The elusive butterfly of happiness has been fluttering before humanity for a long time. America's Thomas Jefferson declared the pursuit of it an inalienable human right over 220 years ago. But a good 1,800 years or so before that, another great farmer-philosopher had seen the urge to chase happiness as an inalienable human instinct, alive and well long before the age of entitlement. "We work hard at doing nothing," observed Horace caustically of his fellow Romans. "We seek happiness in yachts and four-horse conveyances. (Yet) what you seek is here. . . ."

Jefferson, a consummate politician as well as a philosopher, refrained from defining what he meant by happiness. Horace, as a poet, was less constrained, but even he tended to write about it more in terms of what it was not than what it was -- not travel, not ambitious business schemes, not expensive diversions and luxuries, but a quiet, frugal, settled life. A random memory check confirms the wisdom of such circumspection: Attempts to pin down happiness have inspired some wildly varying definitions, all appealing, but none authoritative.

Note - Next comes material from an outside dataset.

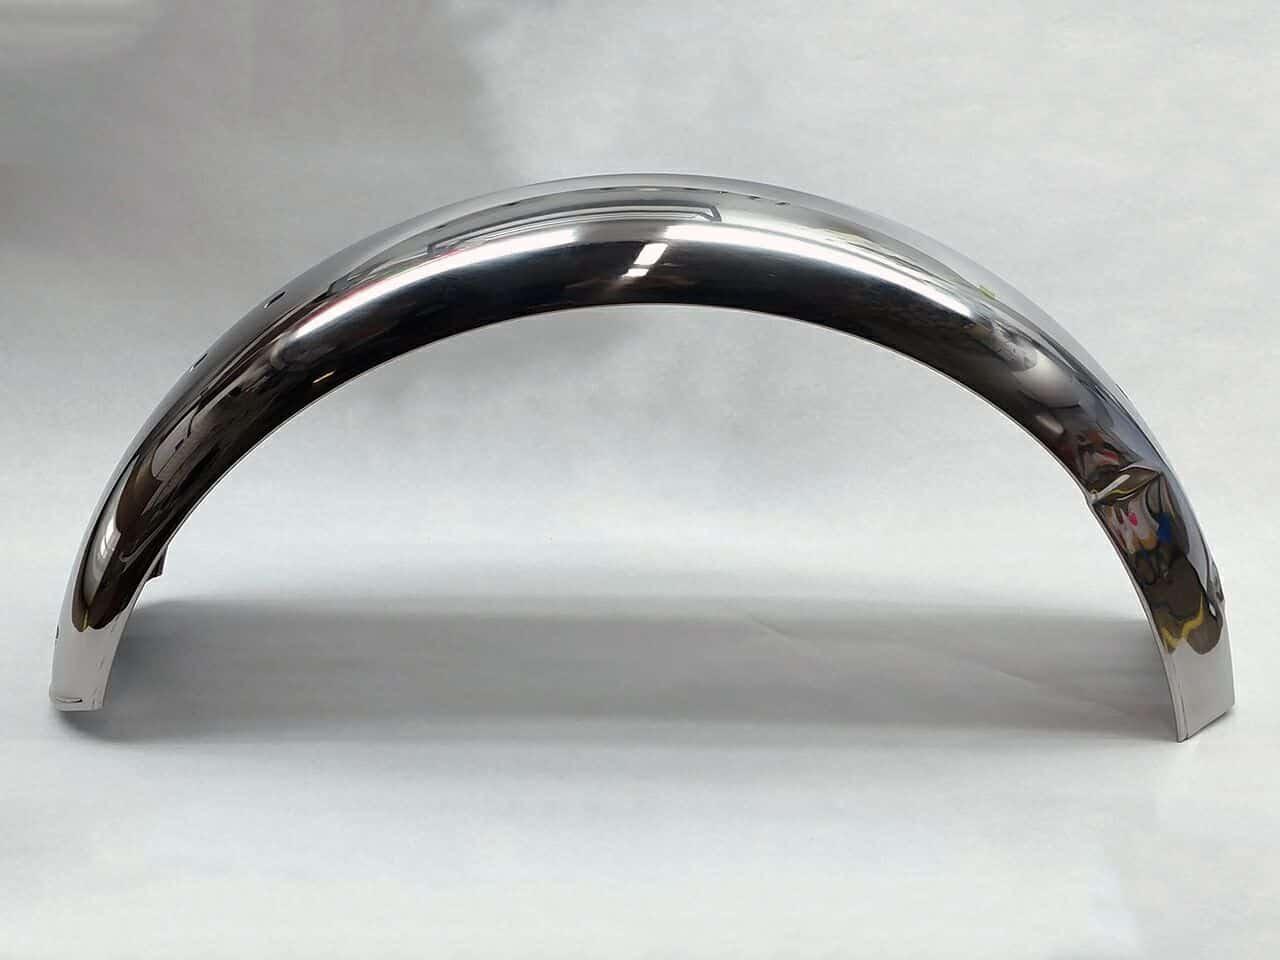 063887 Norton Commando rear mudguard - Classic Bike Spares

"A Jug of Wine, a Loaf of Bread -- and Thou" were paradise enough for the 11th-century Persian poet Omar Khayyam. Nine centuries later, John Lennon opted for an even more radical simplicity with his view of happiness as "a warm gun" (although he probably had a Thou in mind as well as he sang this). In between came no-nonsense Victorians like Charles Dickens' Mr. Micawber, who wasn't having any of that romantic antimaterialism. "Annual income twenty pounds, annual expenditure nineteen nineteen six, result happiness," he said firmly. "Annual income twenty pounds, annual expenditure twenty pounds ought and six, result misery."